To briefly cover KV cache: the attention layer in a Transformer references the Key/Value matrices of previous tokens when processing each new token. KV cache stores and reuses the K/V matrices of already-computed tokens. Prefix caching is the extended concept of reusing these K/V matrices across different requests.

LLM inference has two phases. Prefill processes the entire input prompt at once to generate the first token, while decode sequentially generates one token at a time, using the previous token as input. Prefix caching reduces the cost of the prefill phase.

vLLM APC: Managing Blocks with a Hash Table

vLLM's Automatic Prefix Caching (APC) sits naturally on top of PagedAttention, which manages the KV cache by dividing GPU memory into pages. It splits the KV cache into fixed 16-token blocks, assigns a hash key to each block, and manages everything through a single global hash table.

When a new request arrives, the runtime slices the token sequence into blocks and computes their hashes. If a hash is in the table — cache hit, reuse without prefill. If not — cache miss, compute and insert into the table.
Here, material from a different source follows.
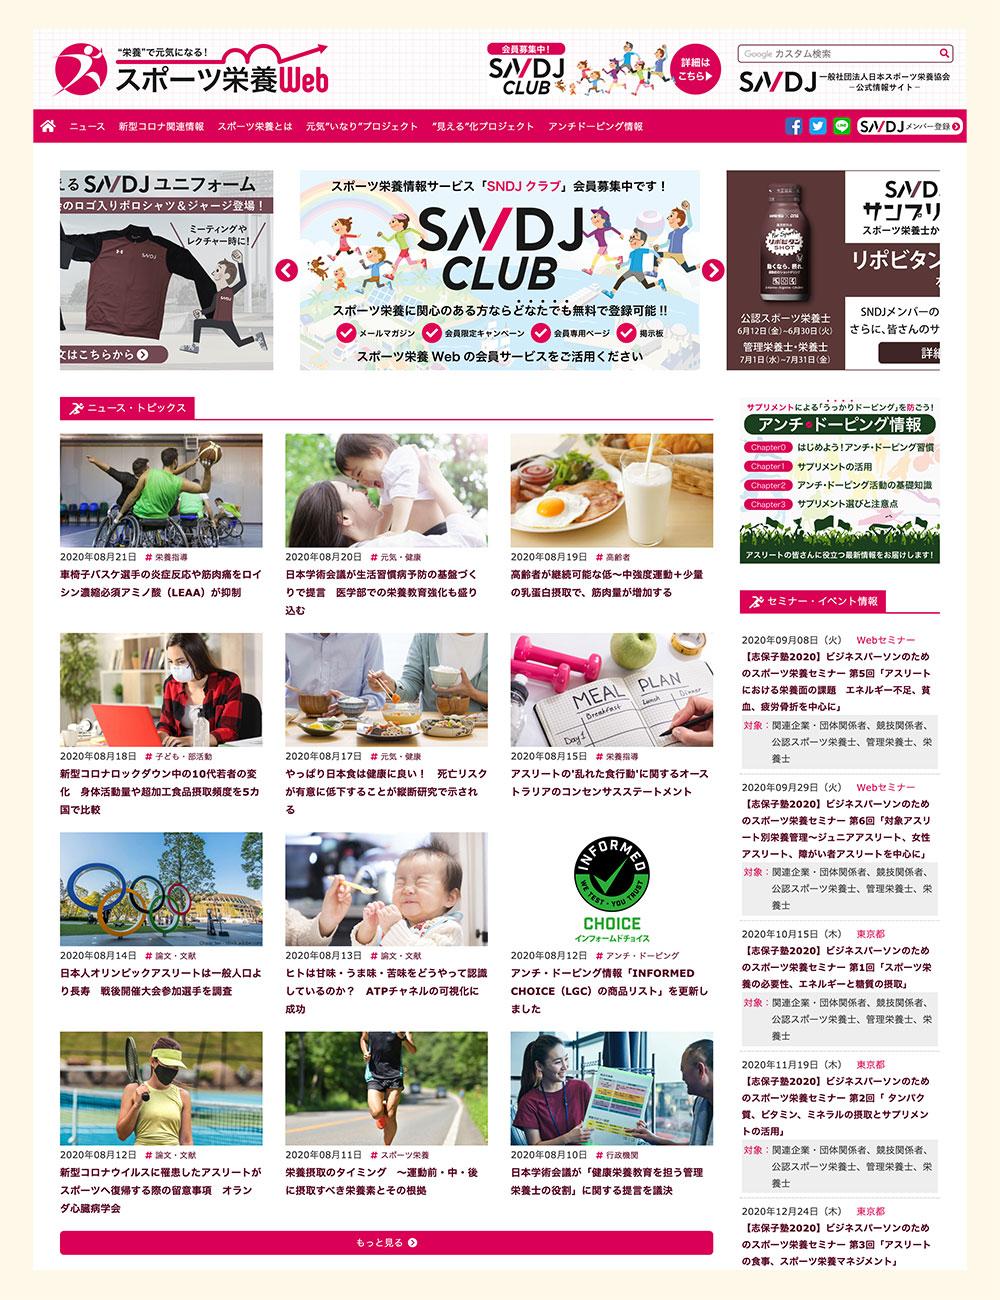 SNDJ公式情報サイト「スポーツ栄養Web」

Each block's hash is computed by hashing together the hash values of all preceding blocks and the token IDs of the current block. This guarantees "position-dependent" keys: even identical 16-token sequences produce different keys if what precedes them differs. Starting with vLLM v0.11, the default hash function switched to SHA-256, eliminating the collision risk present in earlier versions (related discussion: GitHub Issue #16016).

python
# Enable vLLM APC (v0.11 or later recommended)
from vllm import LLM, SamplingParams
 
llm = LLM(
    model="meta-llama/Meta-Llama-3-8B-Instruct",
    enable_prefix_caching=True,
    block_size=16,  # Minimum cache unit: 16-token block
)
 
sampling_params = SamplingParams(temperature=0.7, max_tokens=512)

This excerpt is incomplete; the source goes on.